Segment Open

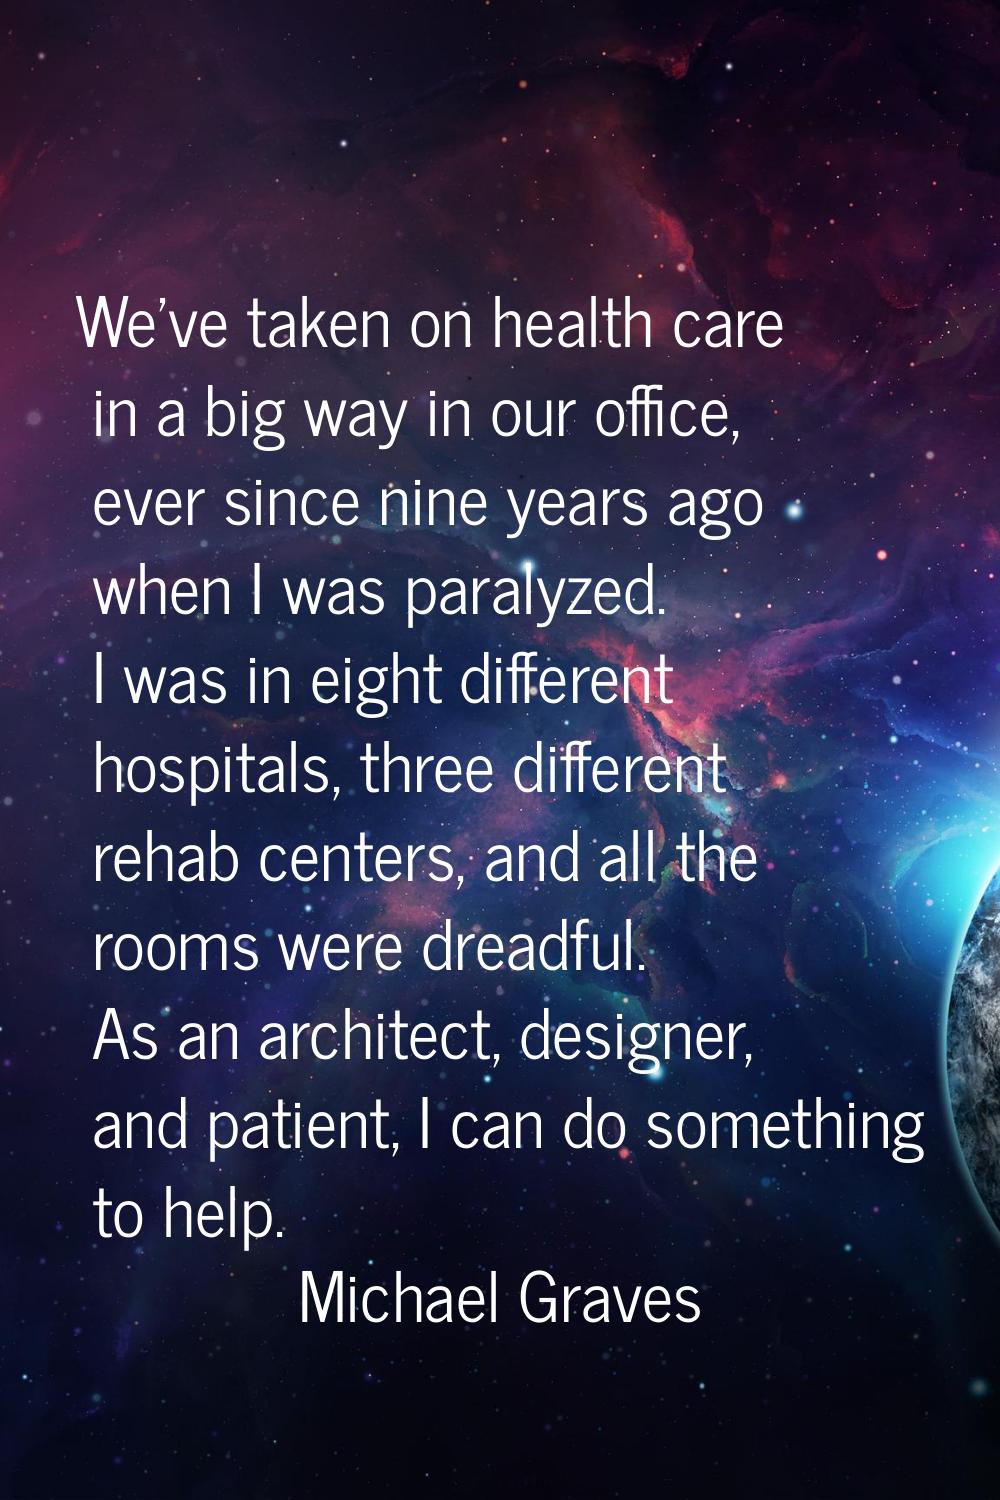 We've taken on health care in a big way in our office, ever since nine years ago when I was paralyz
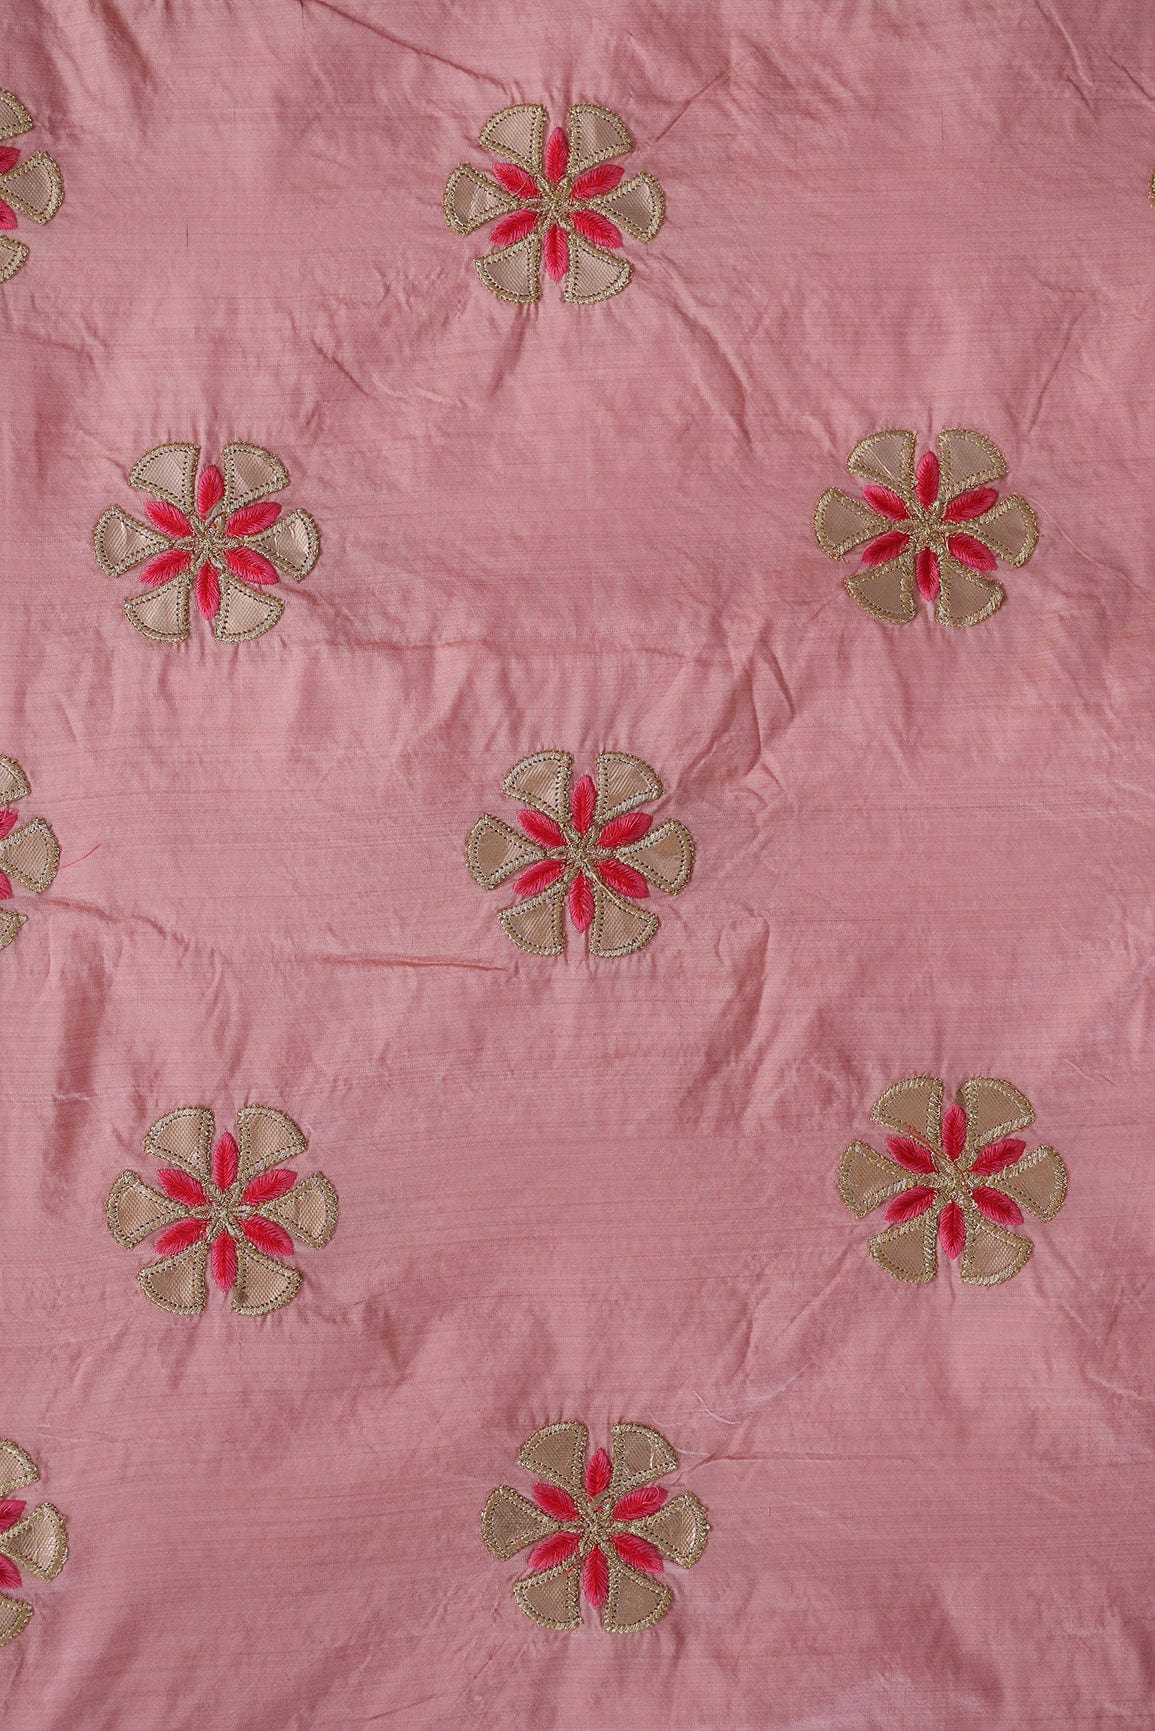 Zari With Red and Pink Motif Embroidery On Baby Pink Bamboo Silk Fabric - doeraa
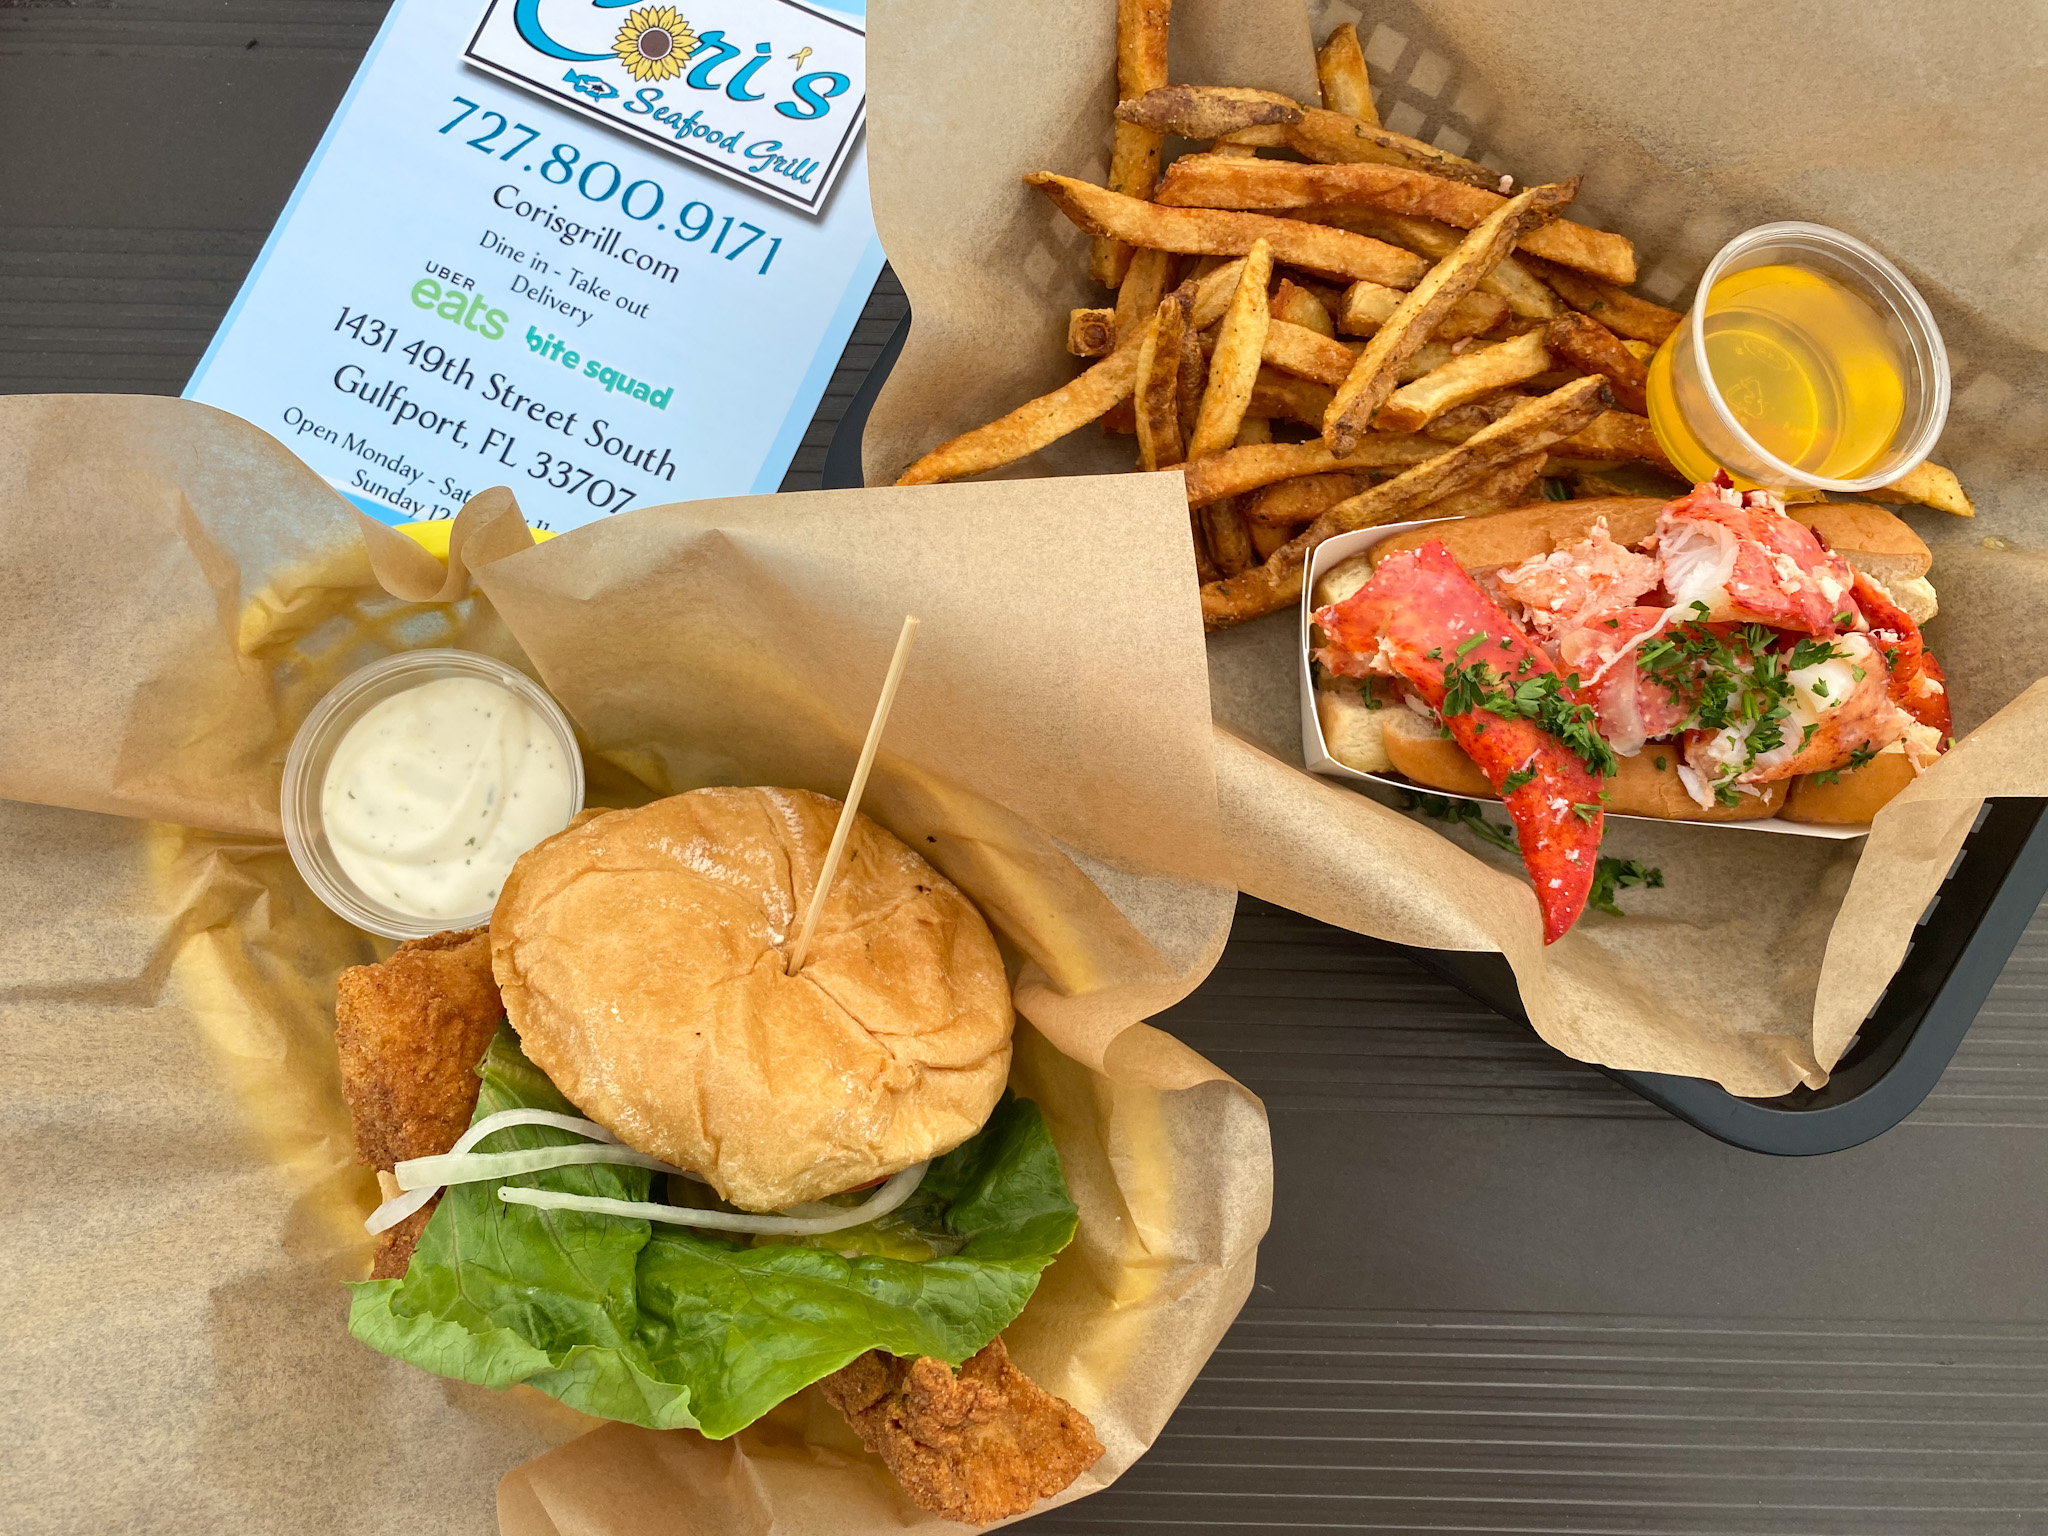 Fried Grouper Sandwich and the Lobster Roll

Segment Closed

Required action:
Set the pictures aside and transcribe the data above exactly.

Exercise solution:
 We've taken on health care in a big way in our office, ever since nine years ago when I was paralyz
 Zari With Red and Pink Motif Embroidery On Baby Pink Bamboo Silk Fabric - doeraa
 Fried Grouper Sandwich and the Lobster Roll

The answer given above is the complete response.